Has anyone negotiated with credit card companies?

Has anyone negotiated with credit card companies on their own for a debt settlement? I have an option coming up at the end of March to withdraw money I had put aside for my kids’ college. I hate to do this, but hate even more to be so much in debt that I can no longer make the minimum payments, and if I get out of debt, then I will be in a position to restart college savings. That means that hopefully sometime in April, I will have between $10,000 – $12,000 in cash to try to settle over $20,000 in credit card debt, between three separate companies.

Does this sound doable? Would they settle for perhaps 40% of the balance? I’ve been unable to make minimum payments for the last 3 months or so, so I’ve been paying a smaller amount, to at least show I’m trying to pay something.

Thanks for any advice.

If you look through the archives you’ll find a lot of messages from people settling with creditors.
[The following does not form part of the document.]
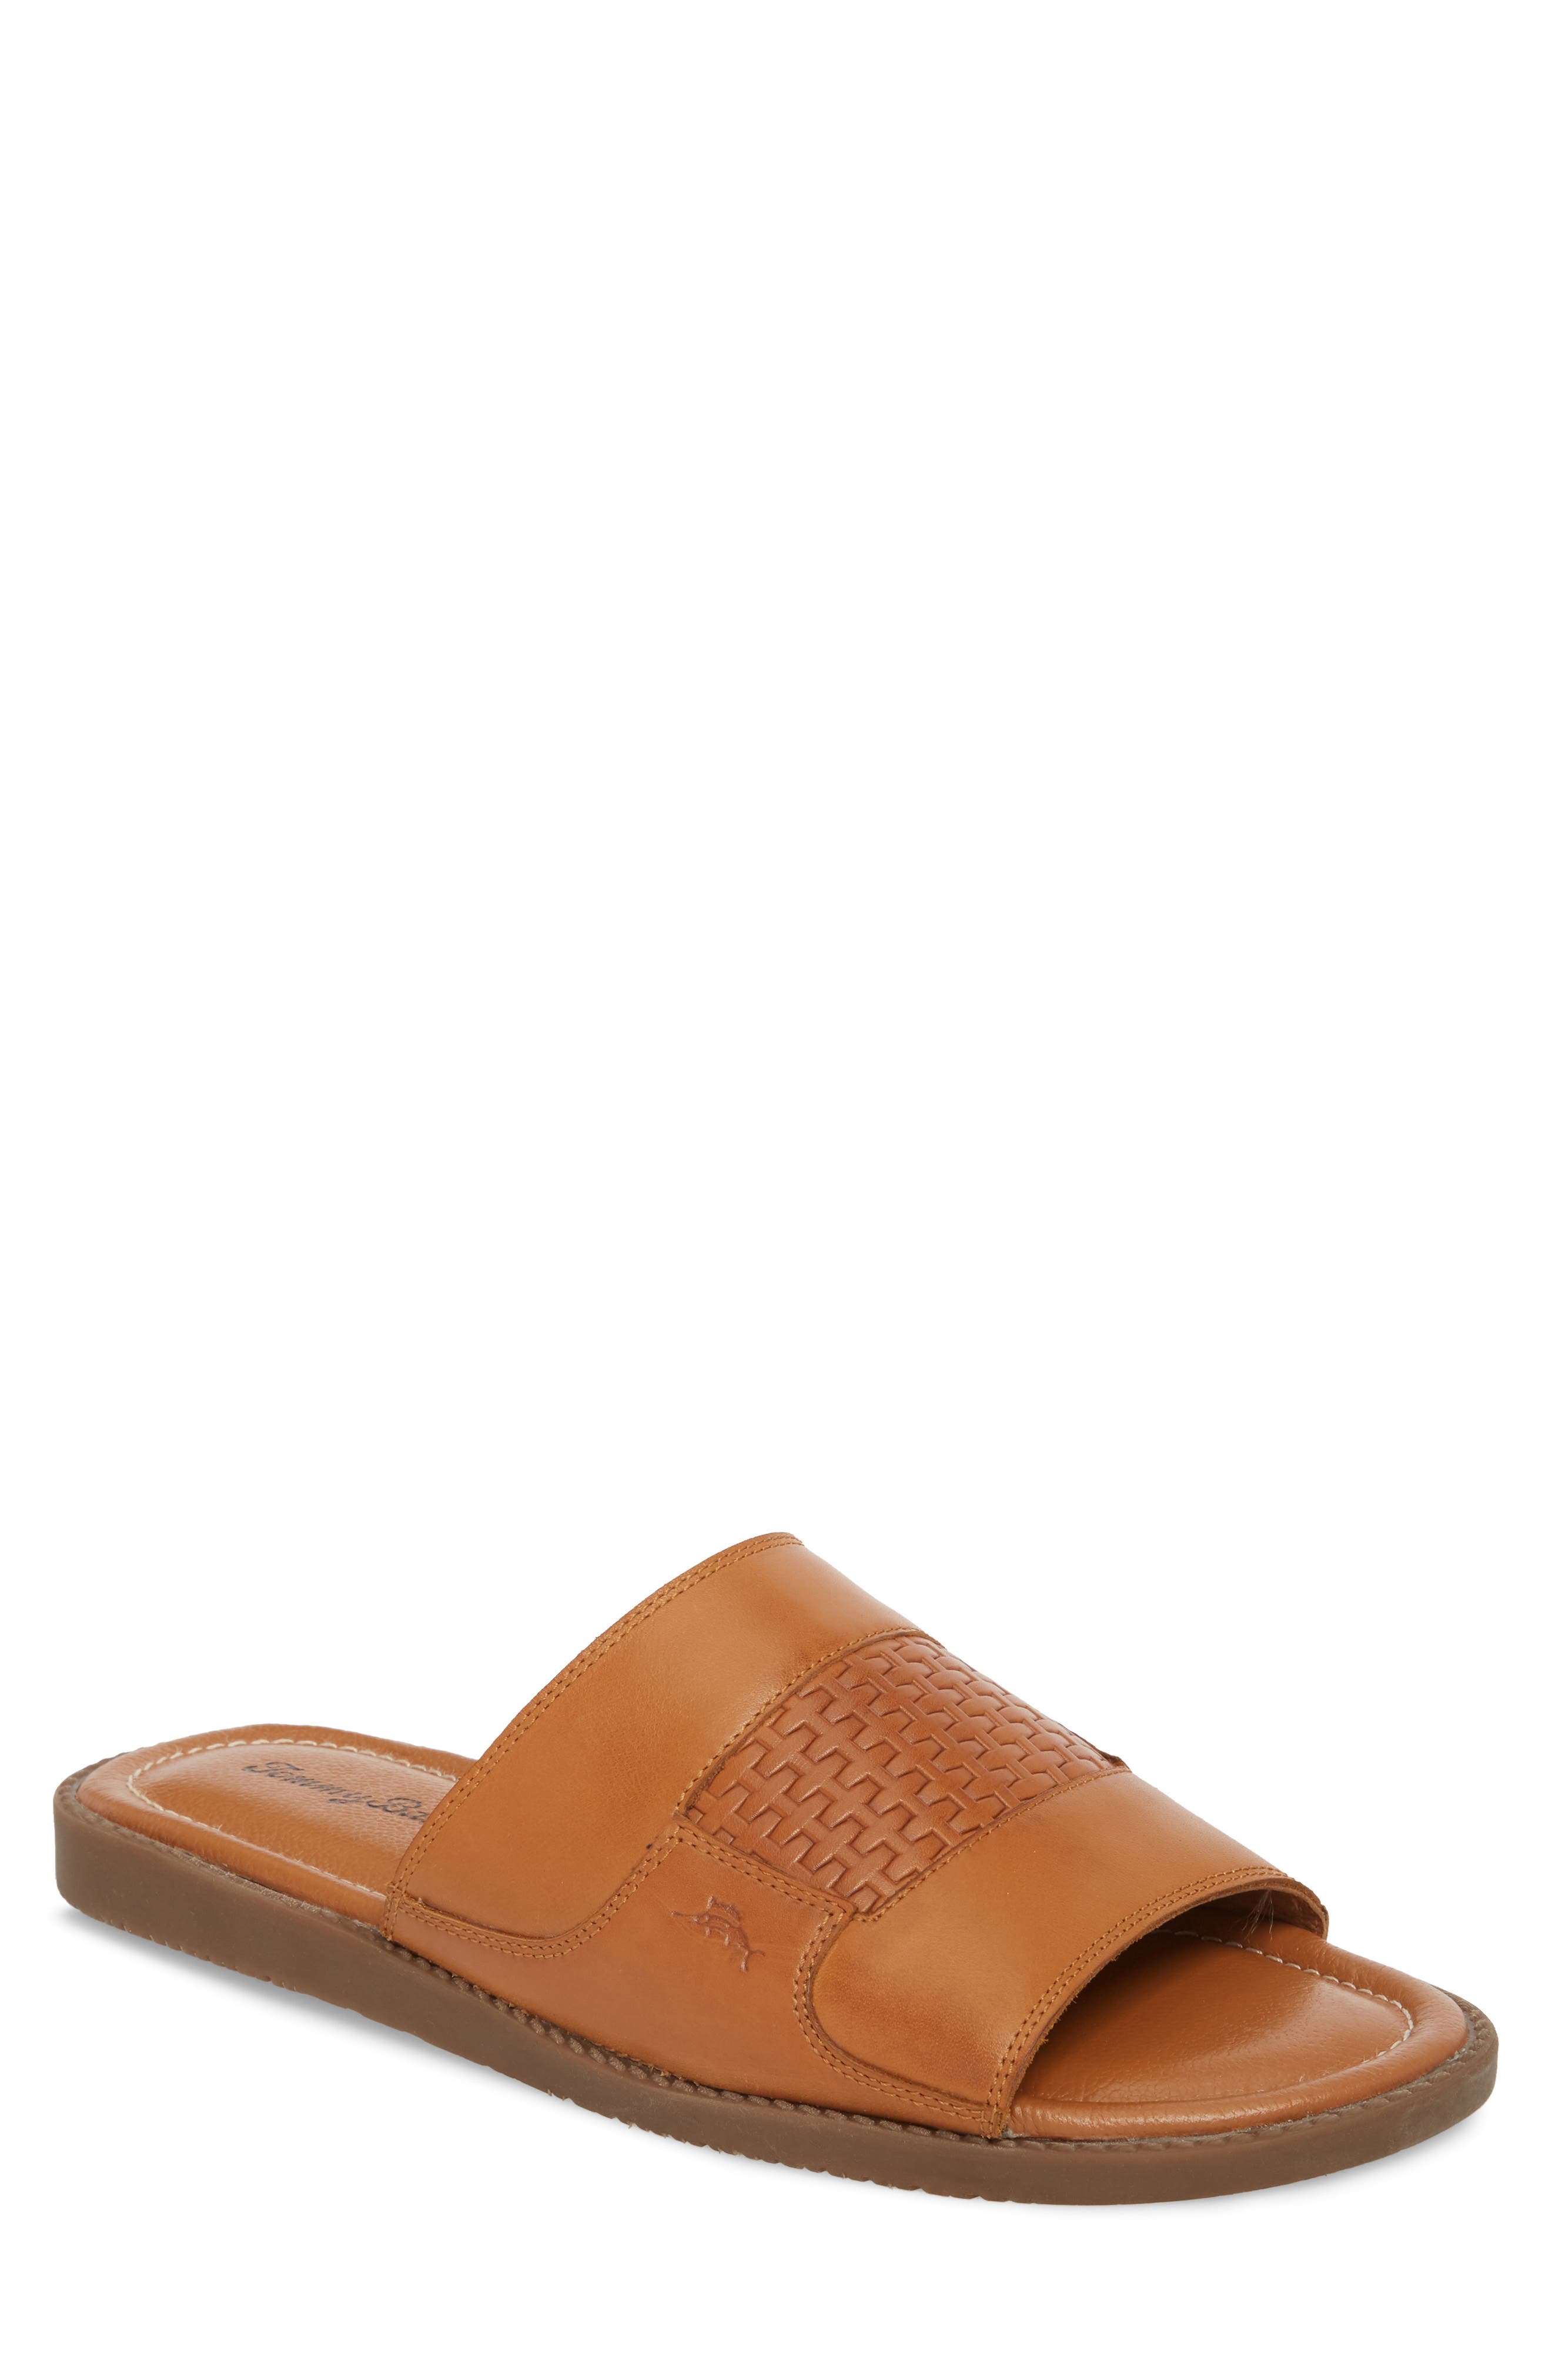 UPC 882976916987 product image for Men's Tommy Bahama Gennadi Palms Slide Sandal, Size 7 M - Brown | upcitemdb.com

My other half and I are in the process of doing that now and many are willing to take 30% just to get it off the books.

You can really get CC companies to take as little as 30%. Try to start around 25% and then negotiate from there. Give them a story, tell them how your dear old aunt left you just _____ amount of money and you want to send it to them to settle. :-) Either way, once they do agree to a settlement in full here are a few major things to remember.

  1. Don’t ever give them electronic access to your accounts, ever ever!!
  2. Don’t send any money until you get the agreement in writing!!
  3. Once you get the agreement, make a copy, sign and return to them with a check.
  4. Remember that forgiven debt is consider income and the CC company may send you a tax form at the end of the year and you will have to file it with your taxes. But I guess paying taxes on $15,000 is better then paying the $15,000.

One more thing I would add regarding taxability of any debt settlement. Any debt that you are relieved of that you are “insolvent” for is not taxable. See IRS Form 982 and Internal Revenue Code 108. When considering the amount of “insolvency” you can subtract from your assets your state’s exemptions. For example here in New York there is a $50,000 per person homestead exemption. Get some of Nolo’s books at the library on bankruptcy after exploring www.nolo.com and www.legalconsumer.com.